El pueblo que dejó de ser lo que era
Uno de los últimos eslabones entre la vieja Majadahonda rural y la moderna, borracha de ocio y centros comerciales, es su mercadillo. A la antigua usanza, con tenderos que cantan y piropean, con carteles hechos a mano plagados de faltas de ortografía. Con baterías de coche que alimentan datáfonos para aceptar pago con tarjeta, en un pueblo que apenas se recuerda a sí mismo. «Antes había alegría», sentencia Raúl Amor, socio y vendedor de un puesto de flores, que no pierde la oportunidad de completar la otra cara de la idea, «ahora no».
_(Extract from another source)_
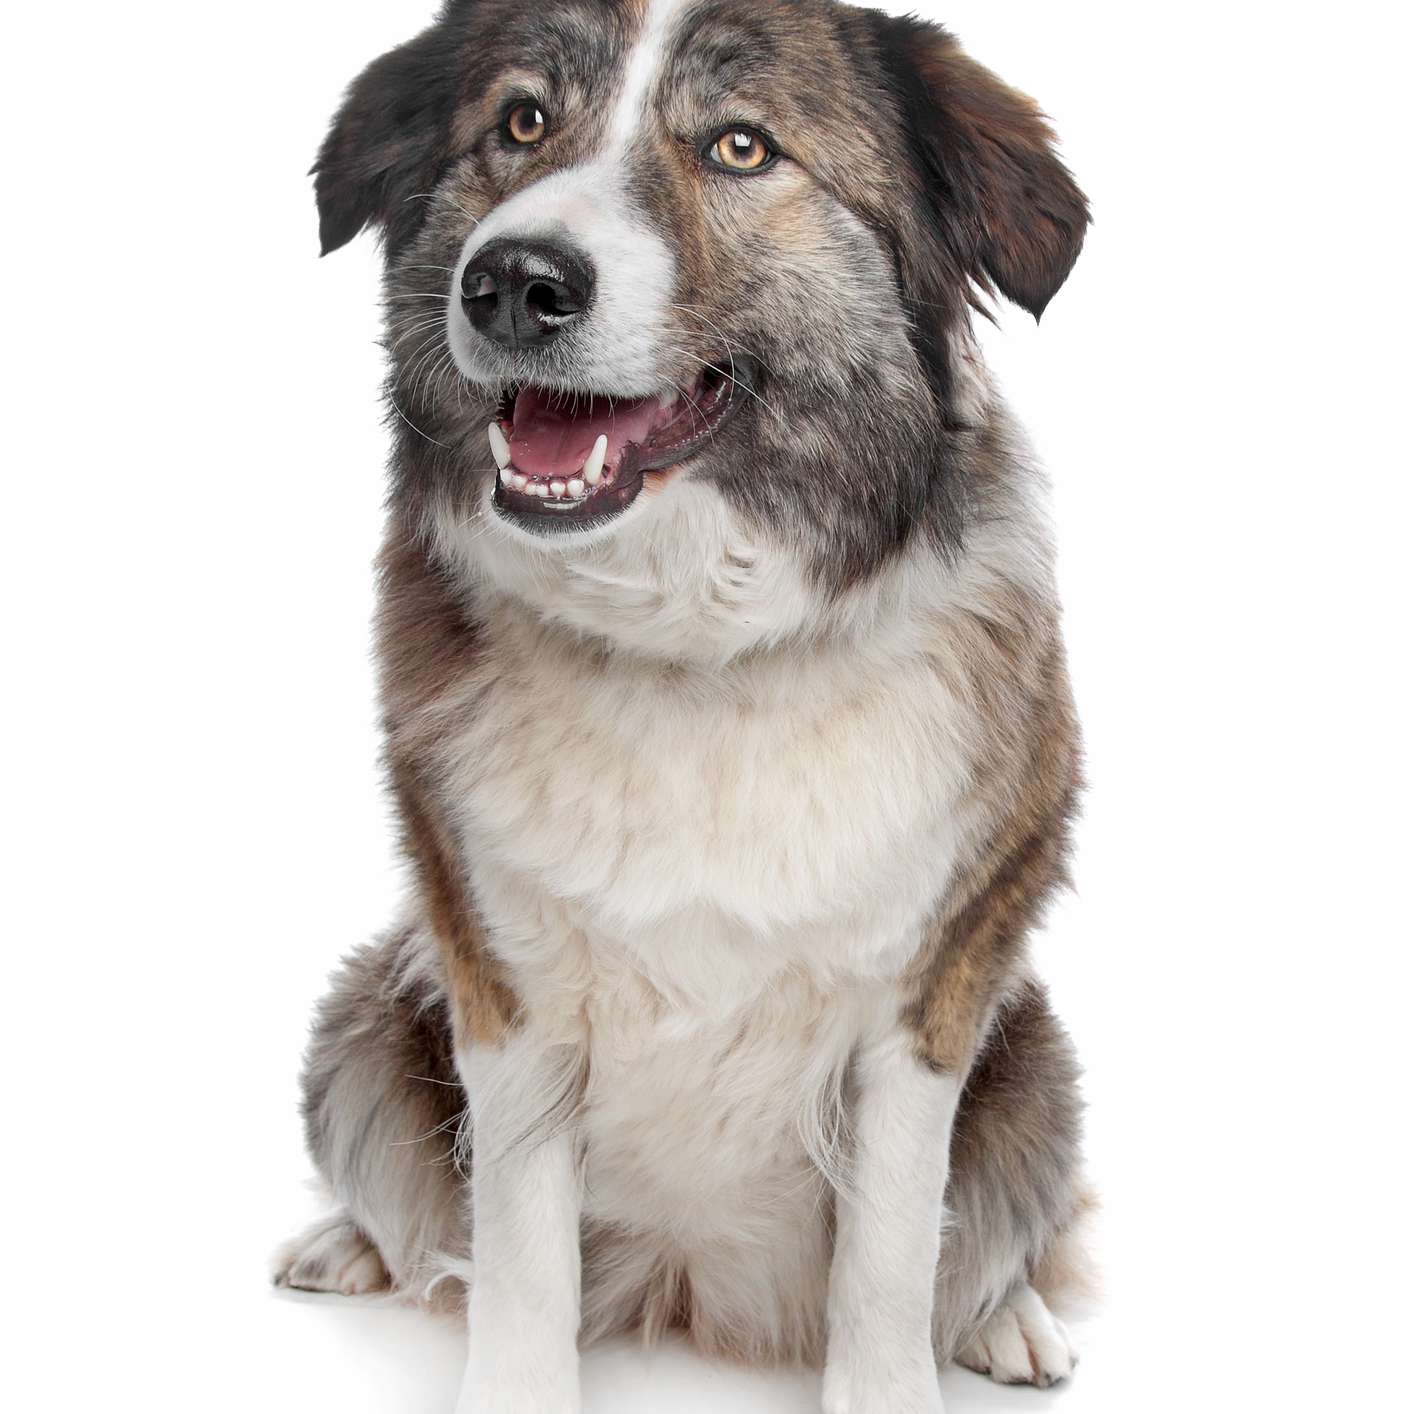 Aidi dog with white markings sitting with its mouth open in front of a white background.

Los martes y los sábados se celebra el que fue uno de los mercados ambulantes más importantes de Madrid. Bouchaaib lo resume en dos plumazos. «Aquí antes había puestos con cosas golosas, de buena calidad —fabricadas en Europa, recalca—», «ahora está lleno de cosas hechas en China». «El mercadillo ha cambiado a peor», sentencia. El marroquí lleva diez años de vendedor de pañuelos que importa desde India, a donde asegura que ha viajado muchas veces. «Son de Jaipur». A pesar de las quejas es casi el único tendero optimista; espera que las cosas mejoren pronto. Su amigo Tibay, bedawa —de Casablanca—, lleva el doble con su puesto de alfombras traídas de Estambul y Marruecos. «Los primeros diez años fueron regular, los siguientes cinco muy buenos, y los últimos cinco muy malos», dice. Todas las conversaciones más allá del propio mercadeo discurren sobre lo mismo. La crisis, la crisis, la crisis.
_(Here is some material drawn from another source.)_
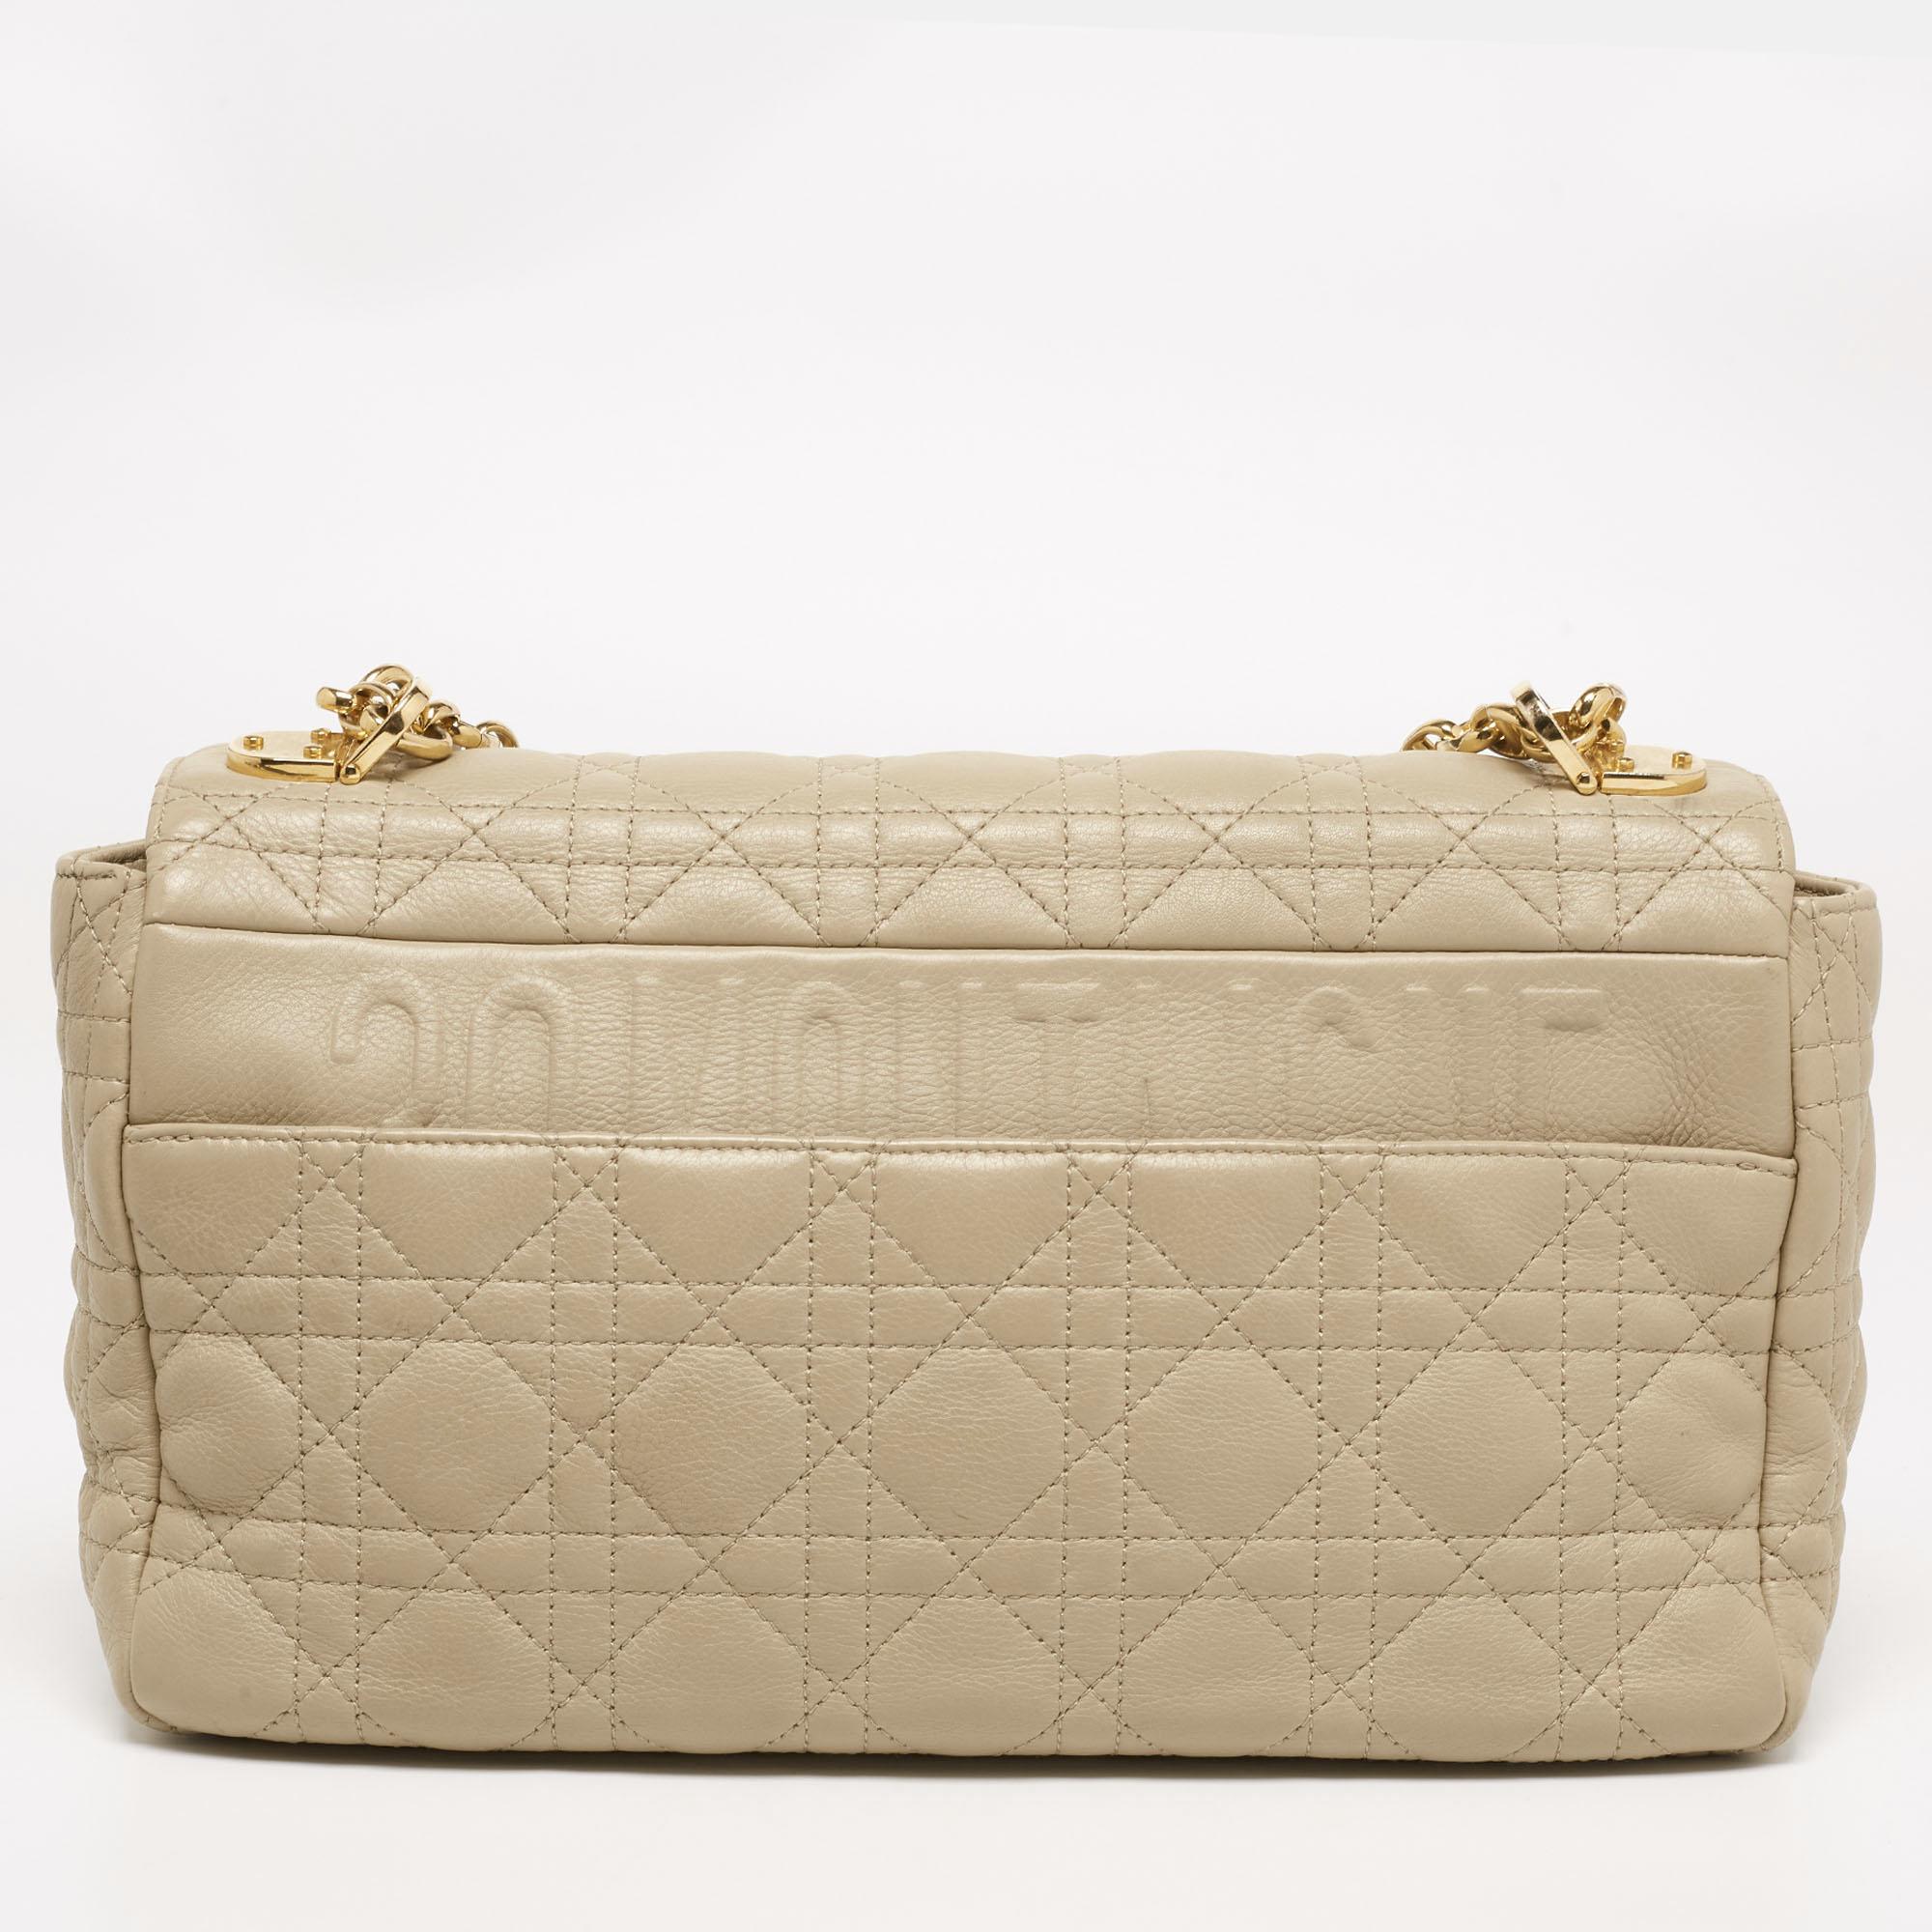 This shoulder bag from Dior is the bag of every woman's dream! It has a Cannage leather exterior with stunning gold-tone details. The beige creation is a perfect example of excellent craftsmanship.

Señoras arregladísimas recorren las callejuelas del bazar majariego. Los puestos de frutas y verduras son los más concurridos —aunque Fabián Resino, titular de uno de ellos, habla de una caída de las ventas del 40 por ciento—, mientras que el tenderete de flores secas languidece y adorna, como hace su género. Miguel Martín regenta el puesto más antiguo del mercadillo. Tiene 60 años pero aparenta 80. Cree que ya hace 38 años que trabaja ahí. «Siempre es igual», dice, «te levantas a las 3 o 4 de la mañana, vas al mercado —Mercamadrid— y luego aquí». Él y su hijo, que ahora dirige el puesto, han visto cómo el pueblo multiplicaba su población y se convertía en la tercera renta per capita más alta de la región.
De lo rural a lo urbano
A diez minutos en coche —si no hay atasco— está la otra cara de la moneda. Miles de compradores se agolpan para llevarse su parte de Las Rozas Village, un centro comercial a cielo abierto que concentra tiendas outlet de marcas de moda. Disfrazado de callejuelas de pueblo de lujo, se llena cada día del año como si la crisis no existiera. Su éxito es tal que forma parte de algunos recorridos turísticos de la capital, por lo que puede abrir domingos y festivos. Dentro del pueblo en pantomima sólo sale a relucir la crisis si se saca a propósito. Aquí es una palabra fuera de contexto. Un comprador cualquiera señala el bullicio con la mirada y apoya el gesto con un lacónico «crisis, ya ves». Los estertores del mercadillo majariego —y de un estilo de vida que fue, pero no será—, apenas se escuchan entre los escaparates.
El crecimiento de Madrid, y la resultante y exponencial expansión de su periferia, han sido especialmente benévolos en términos económicos con el noroeste. Aún no son ancianos los que recuerdan cuando en Majadahonda había cerdos corriendo por calles sin asfaltar. Como Miguel Ángel, de 62, que ahora vive en Valdemorillo —un pueblo 20 kilómetros más allá— y que fue convecino majariego hasta «hace doce o trece años». Asegura que se fue porque prefiere vivir en un lugar más humano. En 10 kilómetros a la redonda hay tres grandes centros comerciales —en primavera abren otro aún mayor—, y otros tantos más discretos.
«Vamos a volver 20 años para atrás, pero con 20 años más», sentencia Raúl, el florista del mercadillo. Habla de la crisis, pero su frase también pone de manifiesto las dificultades que tienen los pueblos de la zona para conjugar los viejos y los nuevos tiempos. Su historia y sus costumbres se borran. Cada vez menos gente se acuerda.